===== SUPPLIED MATERIAL
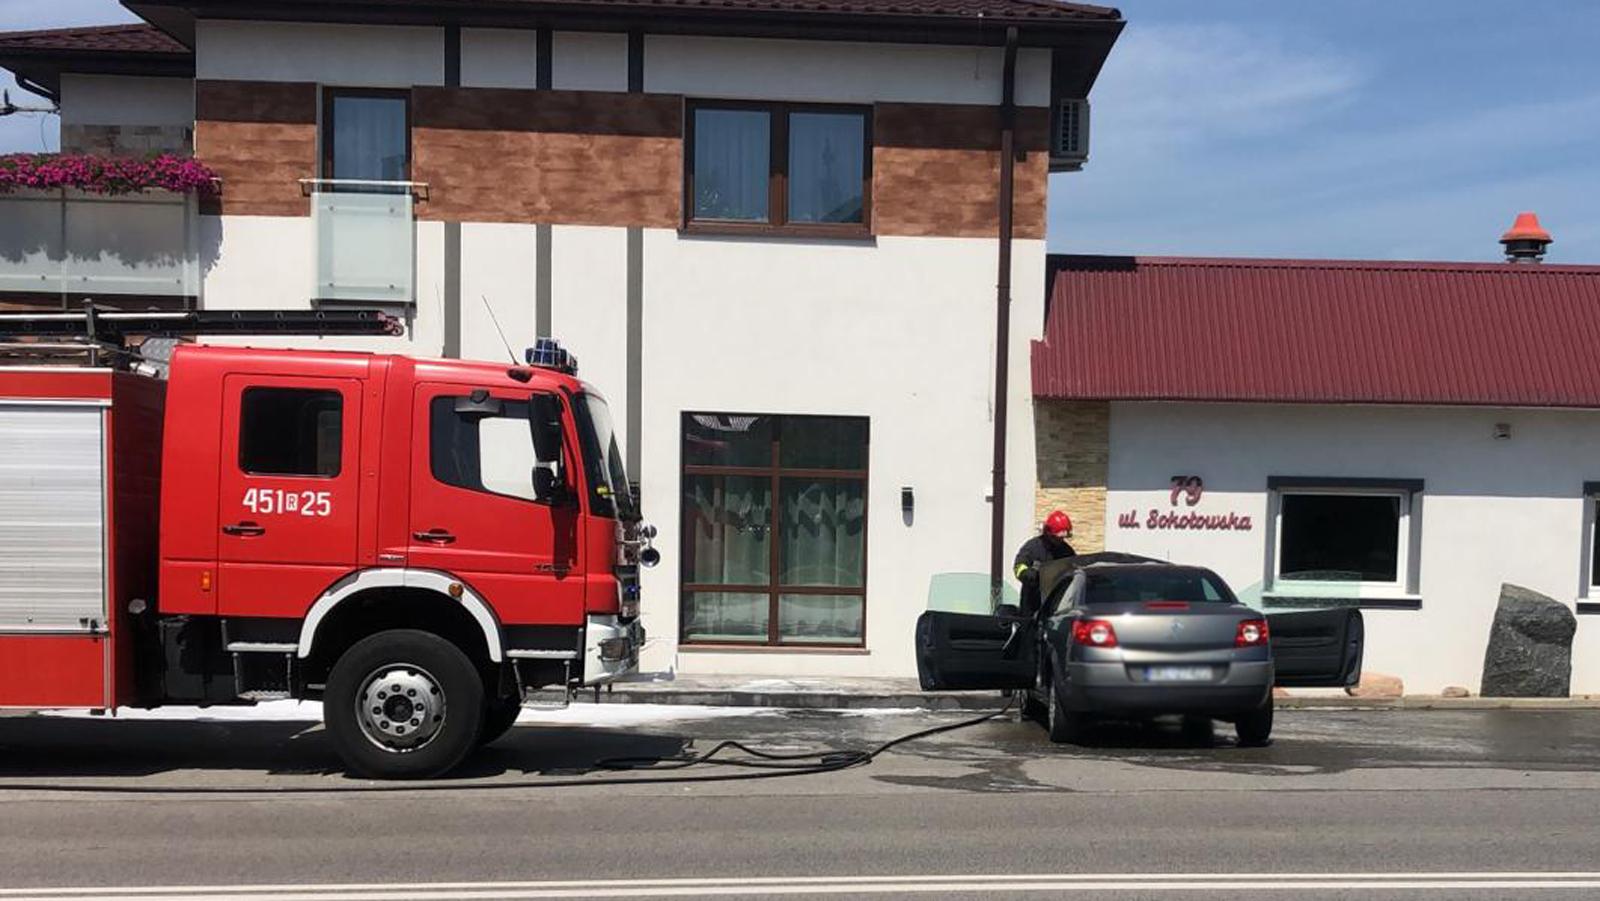 Pożar samochodu na jednej z ulic w Kolbuszowej [ZDJĘCIA] - Zdjęcie główne
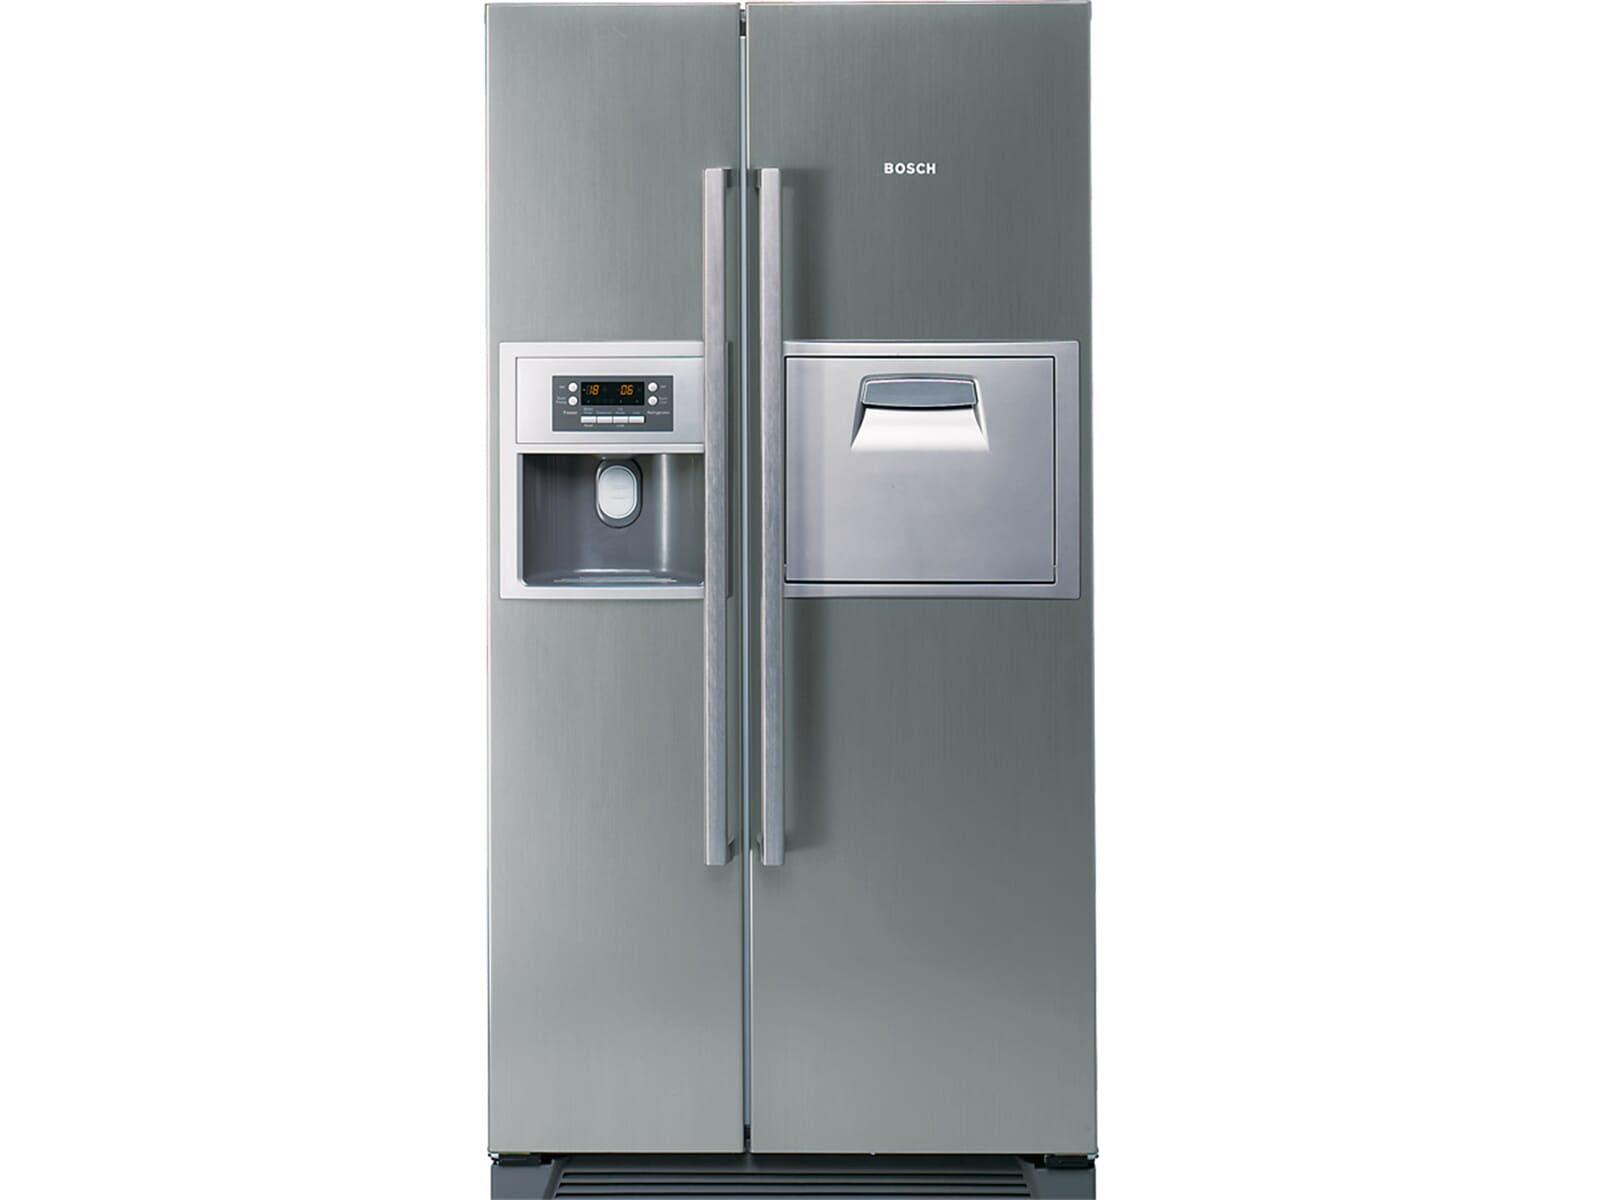 Gorenje Kühlschrank Filter Wechseln : Bosch kühlschrank wasserfilter wechseln was wasserfilter wirklich
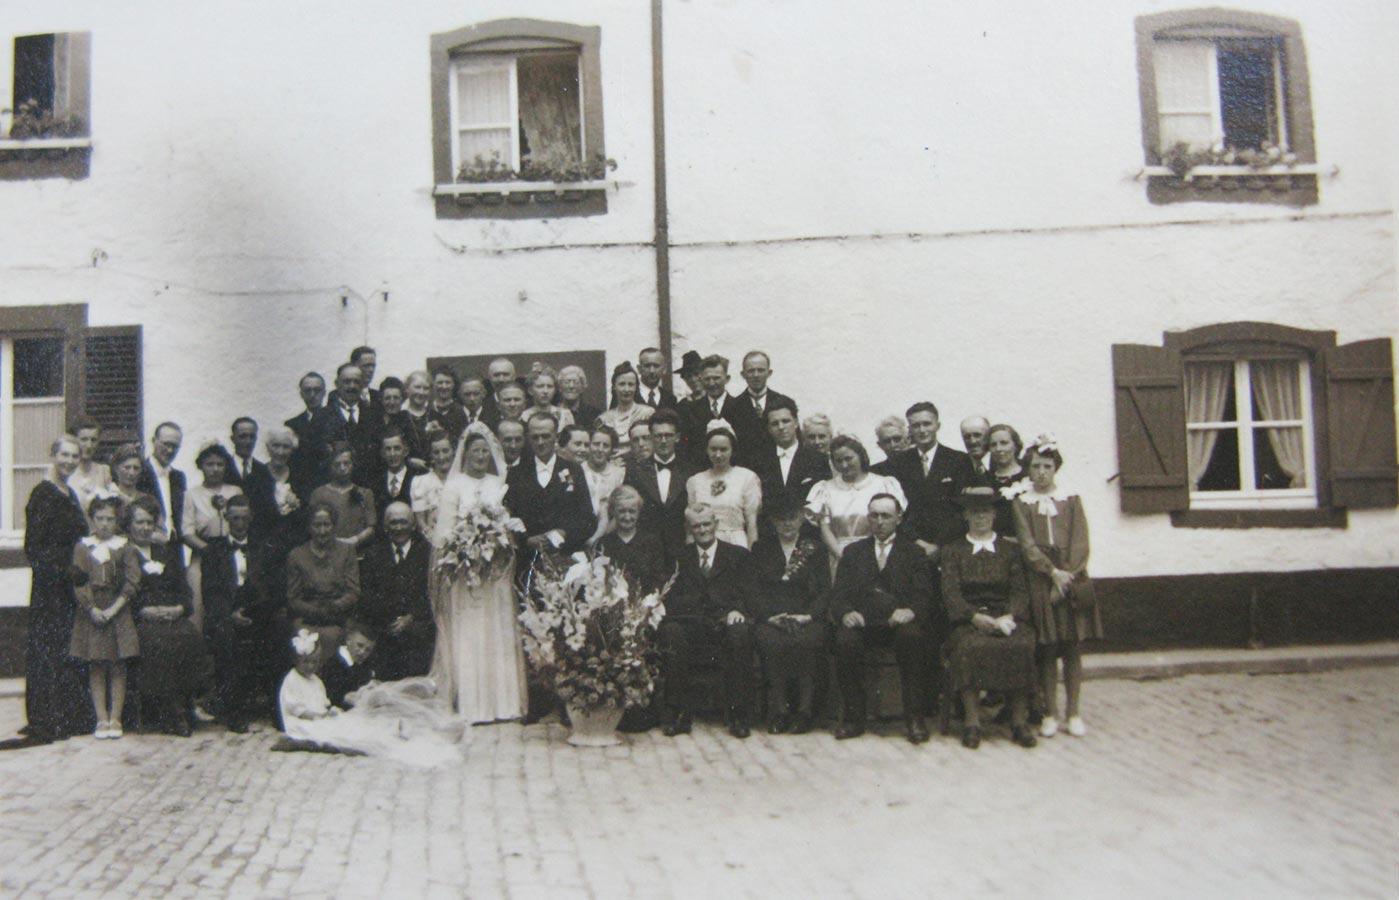 Mariage de / Hochzeit von Gertrud Schmitz et / und Theodore Mangen à / in Insenborn, 1941 © photographe inconnu, droits réservés
==========
AIM OF THE EXERCISE: Would you copy out all the data exactly, without the images?

ANSWER TO THIS EXERCISE:
 Pożar samochodu na jednej z ulic w Kolbuszowej [ZDJĘCIA] - Zdjęcie główne
 Gorenje Kühlschrank Filter Wechseln : Bosch kühlschrank wasserfilter wechseln was wasserfilter wirklich
 Mariage de / Hochzeit von Gertrud Schmitz et / und Theodore Mangen à / in Insenborn, 1941 © photographe inconnu, droits réservés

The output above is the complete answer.